Bridgewater quickly filled up a pad and was bored by it. He needed more competition-another pillar of Bridgewater's being-so Bridgewater put the entire Louisville offense into his Xbox football game. Then he put in the game plans for each game and threw against the coverages he would see.

The man did this when he was 17 years old. Yes, Norv Turner's offense is going to be more complex than anything Bridgewater saw at Louisville. I'm pretty sure I can quite confidently state that Louisville's offense was more complex than anything Bridgewater saw in high school, too. Contrary to the popular meme that came out after the leaking of the Wonderlic scores, Teddy Bridgewater is no dummy. So he scored low on a standardized test. Dan Marino scored even lower. Tell me that guy didn't know what he was doing on a football field.

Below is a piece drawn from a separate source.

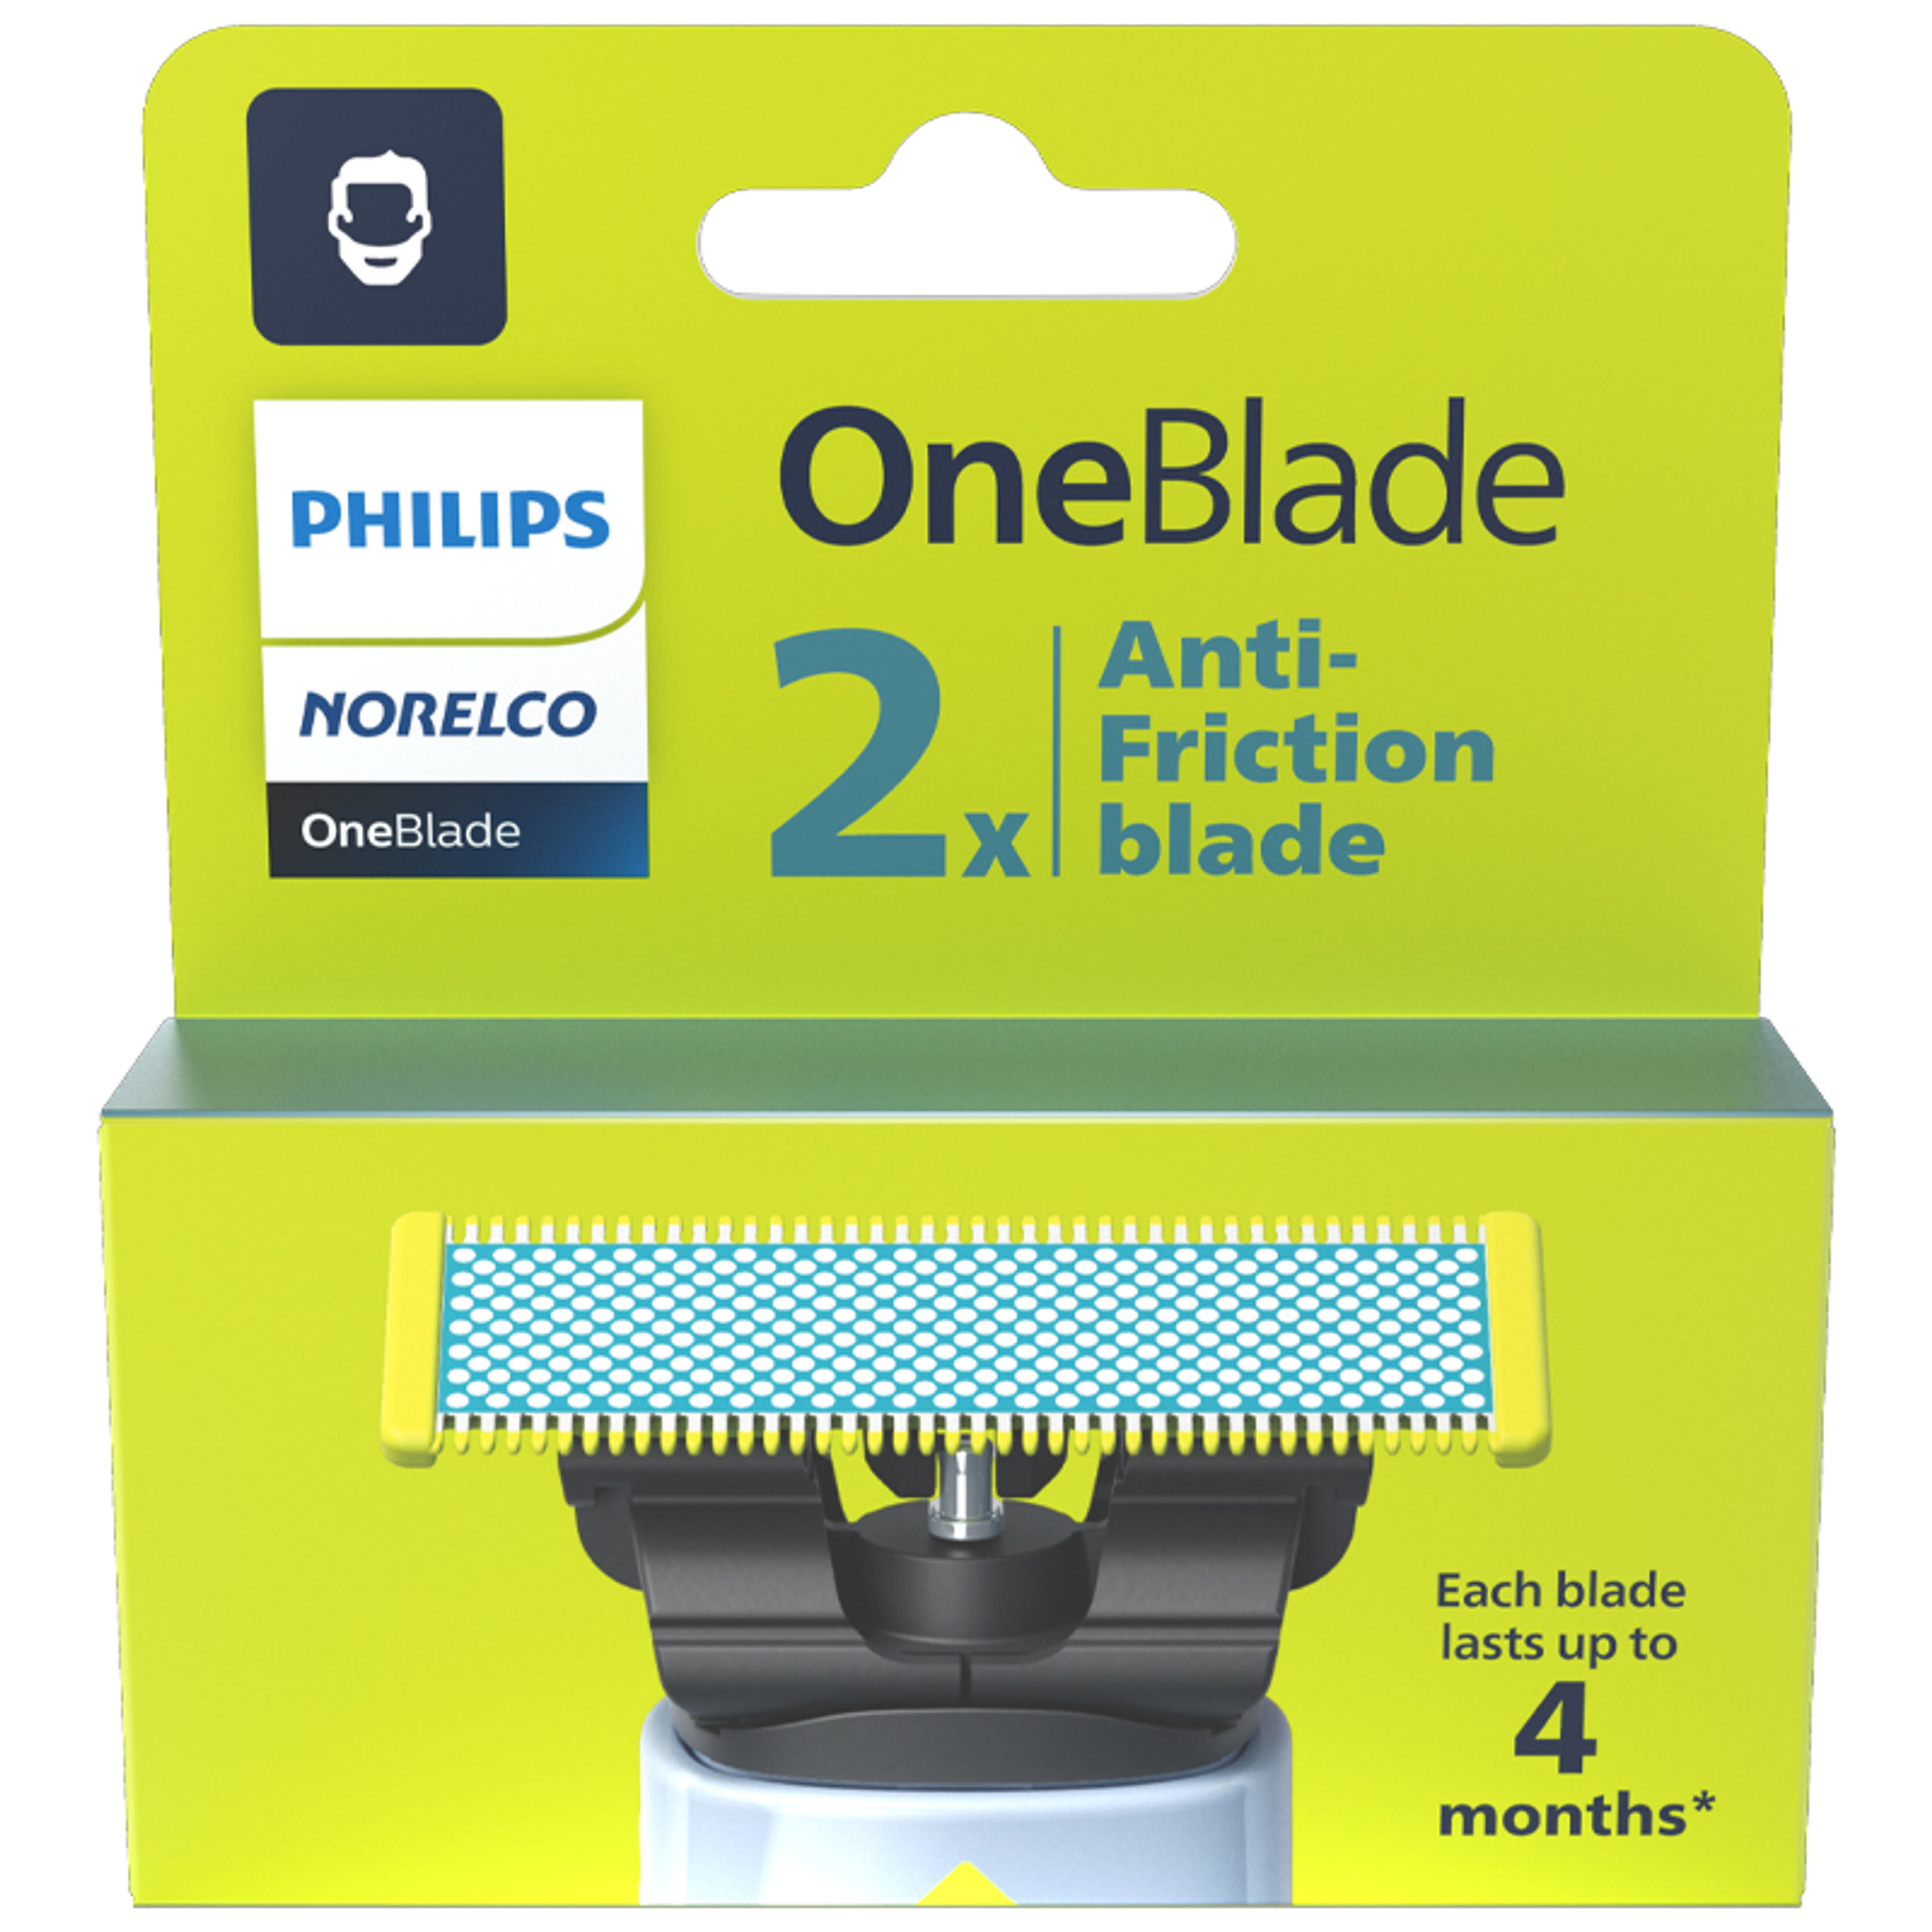 Philips OneBlade cserélhető anti-frikciós pengék - 2 db-2

"Oh, but Christian Ponder was supposed to be a pro-ready quarterback, too, and look what happened to him," you say? Well, sure, if we ignore the fact that Ponder basically had no pre-season (thanks to the lockout) and a coaching staff that decided it would be in the team's best interest to give nearly all the snaps to Donovan McNabb, a guy that (reportedly) couldn't even be bothered to learn the playbook in Minnesota. (The link there from Viking Update says that the playbook actually expanded when the team went from the 13-year veteran to the rookie. That's not the way that usually goes.)

Frankly, the Vikings probably would have been better off starting Christian Ponder from Week 1 in 2011, lockout be damned. And unless he somehow gets injured in the pre-season or something like that, there's a good chance that they'd be better off starting Teddy Bridgewater from Week 1 in 2014. I wouldn't be surprised to see a sort of Russell Wilson-esque progression this pre-season for Bridgewater.

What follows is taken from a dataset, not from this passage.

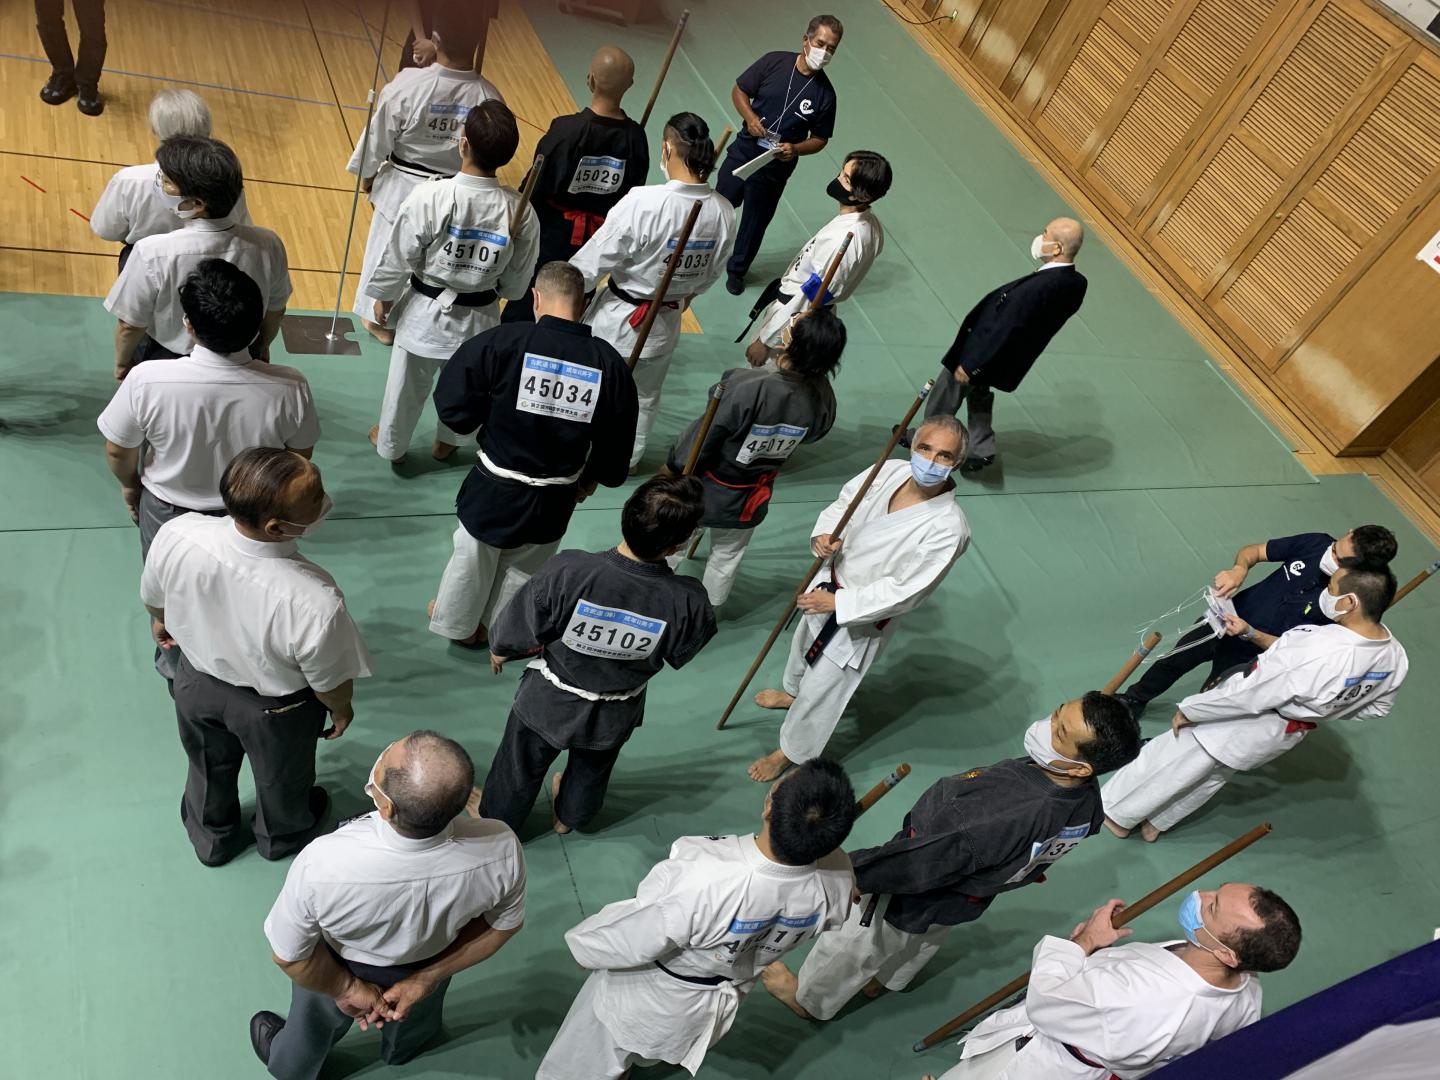 Adultes 2 bo - Stef en 8ème de finale - Okinawa karate world championships 2022

When Wilson got to the Seahawks in 2012, they had just signed Matt Flynn to a ridiculous contract to (presumably) be their starter, and Wilson began the pre-season as the #3 guy. And after the first pre-season game, the Seahawks said, "You know, this guy is pretty good," and bumped him up to #2. And after the second pre-season game, the Seahawks said, "Man, this guy is really good," and had him start the third (and most important) pre-season game. The rest is history from there. Pete Carroll had the guts to stick with his guy, and I think that Mike Zimmer has that sort of chutzpah as well.

Yes, Matt Cassel signed a decent-sized contract this off-season to return to the Vikings. And, if Teddy Bridgewater's track record and recent NFL history mean anything, there's more than a slight chance that Cassel will be wearing a baseball cap and holding a clipboard on the sidelines of the Edward Jones Dome in Week 1 of the 2014 NFL season.